According to Aristotle, virtue is something learned through constant practice that begins at a young age. We might understand his outlook better if we recognize the meaning of the word arete, which is rendered as “virtue” in most English translations. This term more generally means “excellence,” so a good horseman can exhibit arete in horsemanship without necessarily implying any sort of moral worth in the horseman. It should be obvious to anyone that excellence in horsemanship cannot be learned simply by reading about horsemanship and hearing reasoned arguments for how best to handle a horse. Becoming a good horseman requires steady practice: one learns to handle a horse by spending a lot of time riding horses.
For Aristotle, there is no essential distinction between the kind of excellence that marks a good horseman and the kind of excellence that marks a good person generally. Both kinds of excellence require practice first and theoretical study second, so the teaching of virtue can be only of secondary importance after the actual practice of it.
One of the most famous aspects of the Ethics is Aristotle’s doctrine that virtue exists as a mean state between the vicious extremes of excess and deficiency. For example, the virtuous mean of courage stands between the vices of rashness and cowardice, which represent excess and deficiency respectively.

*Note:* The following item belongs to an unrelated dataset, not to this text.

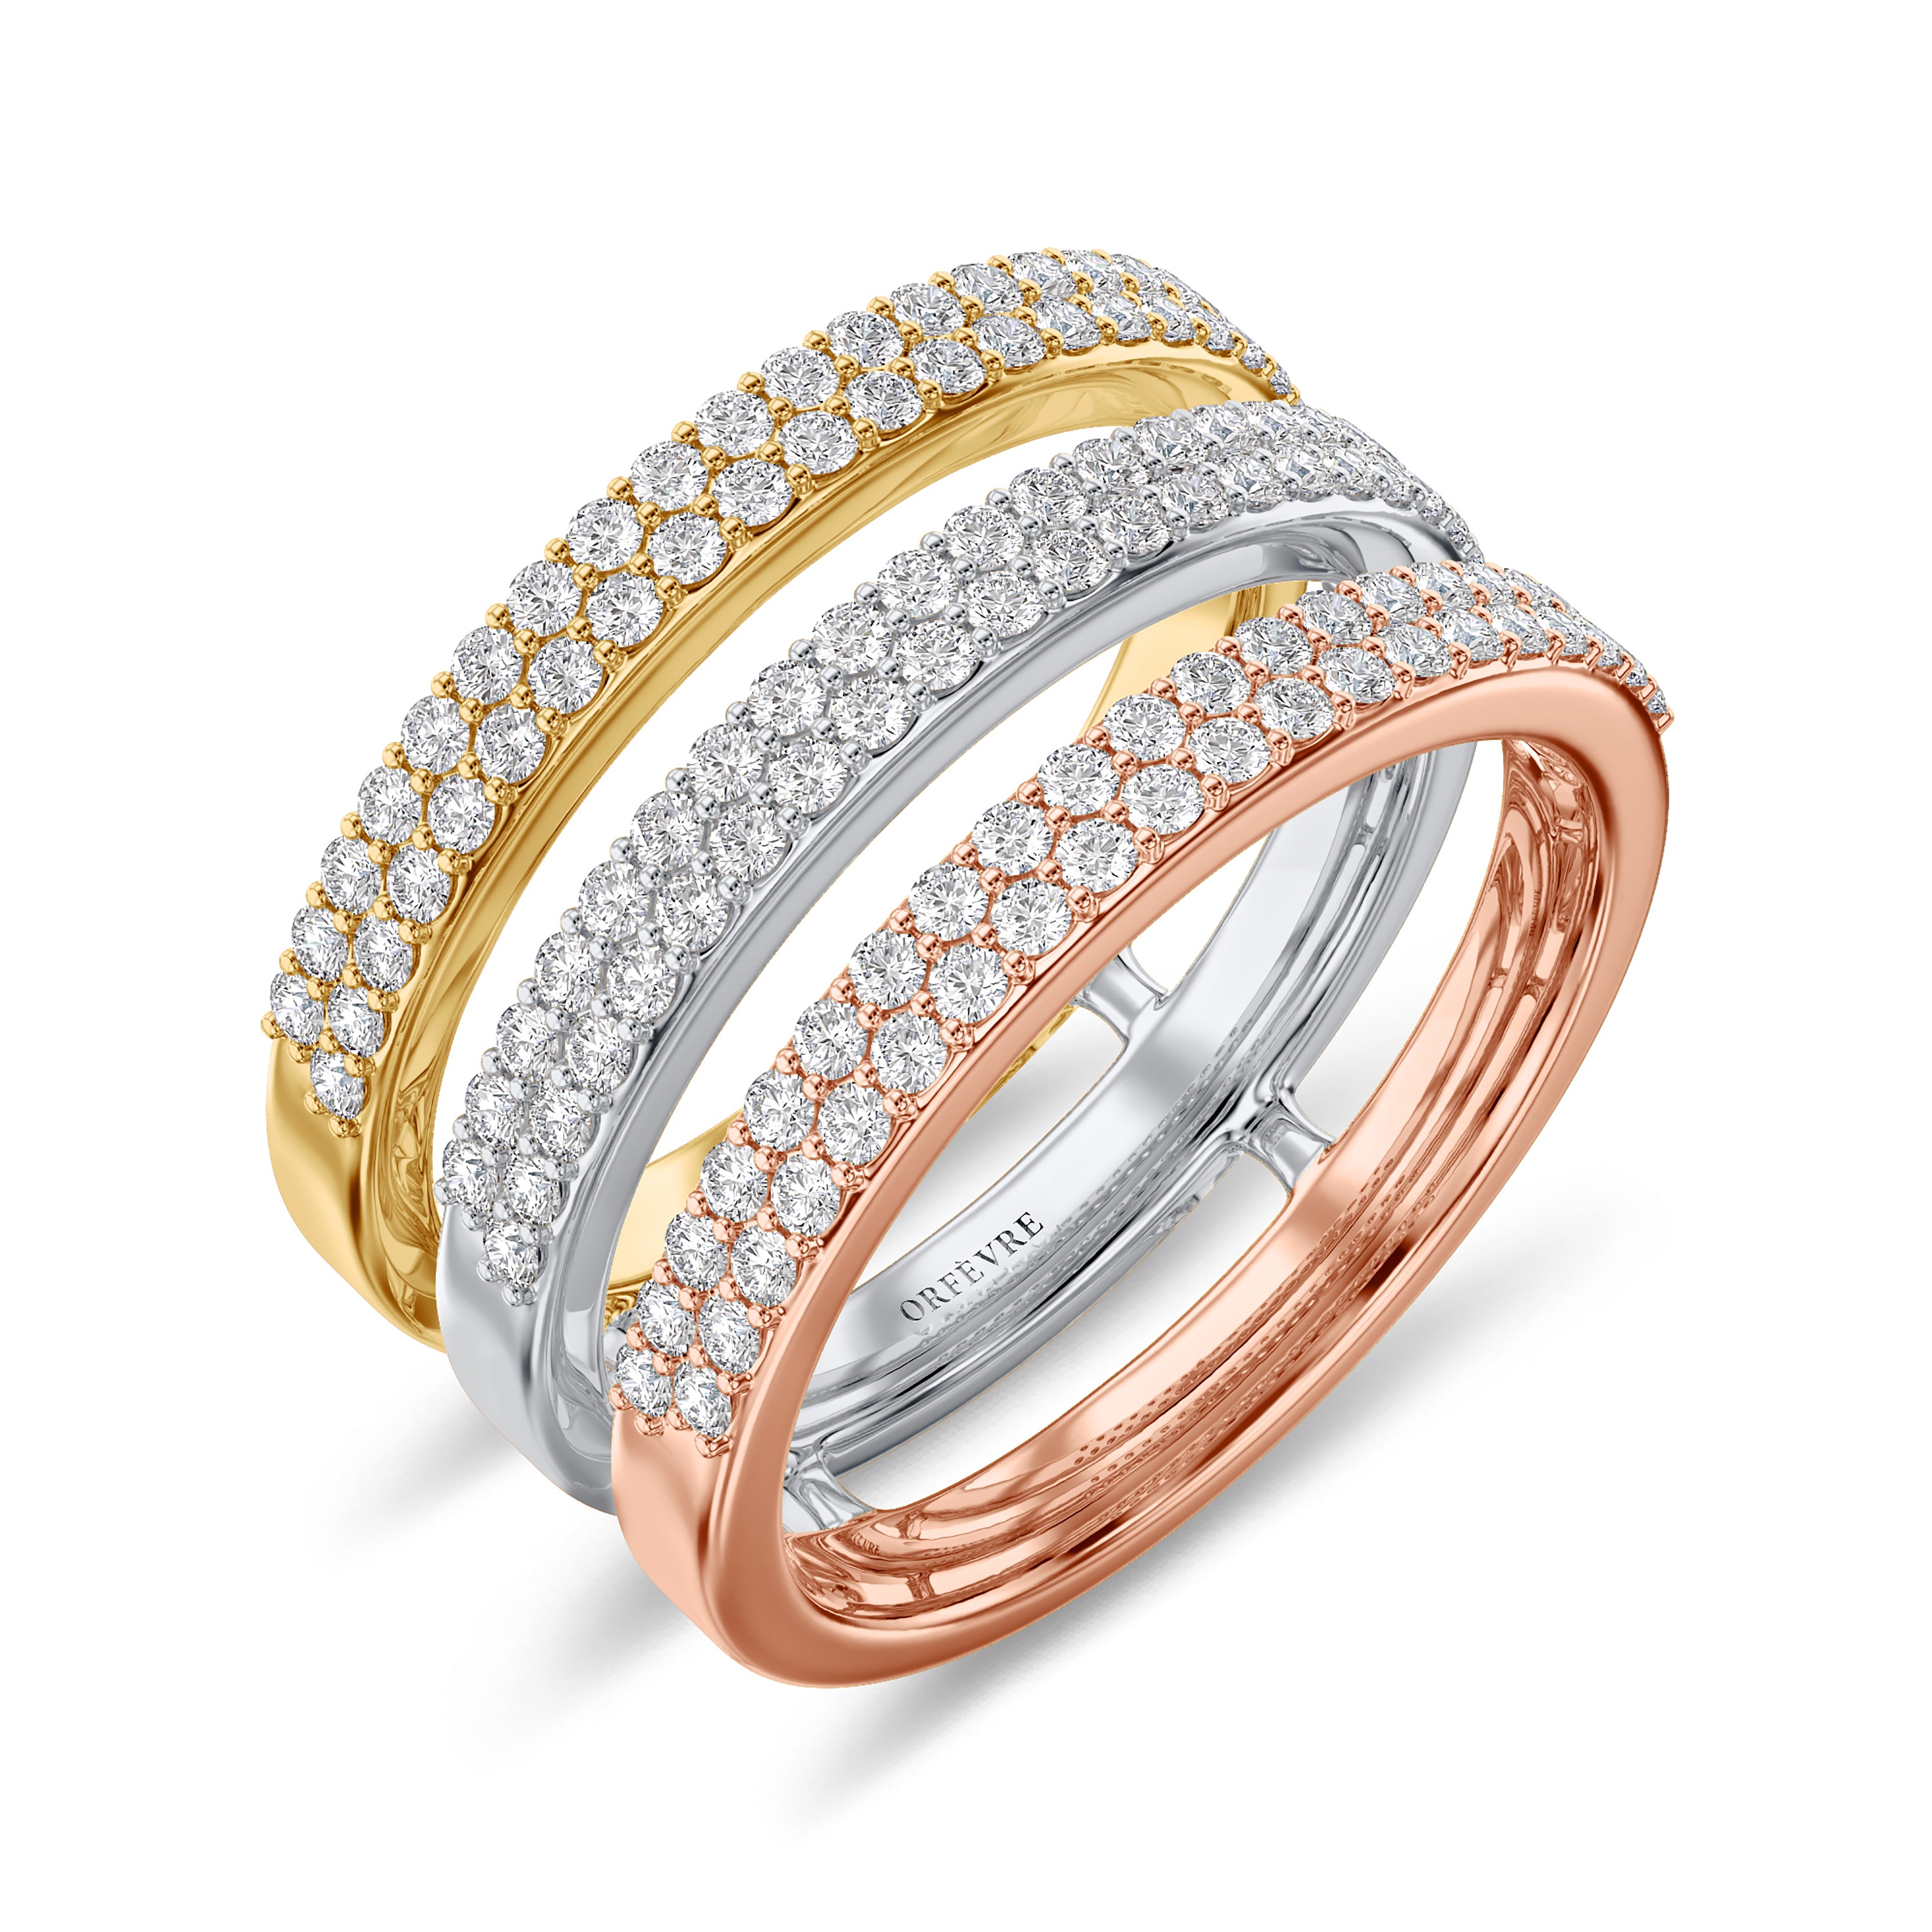 Tri color diamond ring in 18k rose, white and yellow gold, 0.92 carat, FG color, SI clarity

For Aristotle, this is not a precise formulation. Saying that courage is a mean between rashness and cowardice does not mean that courage stands exactly in between these two extremes, nor does it mean that courage is the same for all people. Aristotle repeatedly reminds us in the Ethics that there are no general laws or exact formulations in the practical sciences. Rather, we need to approach matters case by case, informed by inculcated virtue and a fair dose of practical wisdom.
Aristotle’s claim that virtue can be learned only through constant practice implies that there are no set rules we can learn and then obey. Instead, virtue consists of learning through experience what is the mean path, relative to ourselves, between the vices we may be liable to stumble into.
For Aristotle, virtue is an all-or-nothing affair. We cannot pick and choose our virtues: we cannot decide that we will be courageous and temperate but choose not to be magnificent. Nor can we call people properly virtuous if they fail to exhibit all of the virtues.
Though Aristotle lists a number of virtues, he sees them all as coming from the same source. A virtuous person is someone who is naturally disposed to exhibit all the virtues, and a naturally virtuous disposition exhibits all the virtues equally.
Our word ethics descends from the Greek word ethos, which means more properly “character.” Aristotle’s concern in the Ethics, then, is what constitutes a good character. All the virtues spring from a unified character, so no good person can exhibit some virtues without exhibiting them all.
Aristotle devotes two of the ten books of the Ethics to discussing friendship in all its forms. This is hardly a digression from the main line of argument. Happiness, according to Aristotle, is a public affair, not a private one, so with whom we share this happiness is of great significance.
The city-states of ancient Greece were tightly knit communities. In the Politics, Aristotle argues that we cannot fully realize our human nature outside the bounds of a Greek city-state. The bonds that tie citizens together are so important that it would be unthinkable to suggest that true happiness can be found in the life of a hermit.
In Book X, Aristotle ultimately concludes that contemplation is the highest human activity. This is largely a consequence of his teleological view of nature, according to which the telos, or goal, of human life is the exercise of our rational powers. In discussing the various intellectual virtues, Aristotle extols wisdom as the highest, since it deals only with unchanging, universal truths and rests on a synthesis of scientific investigation and the intuitive understanding of the first principles of nature. The activity of wisdom is contemplation, so contemplation must be the highest activity of human life.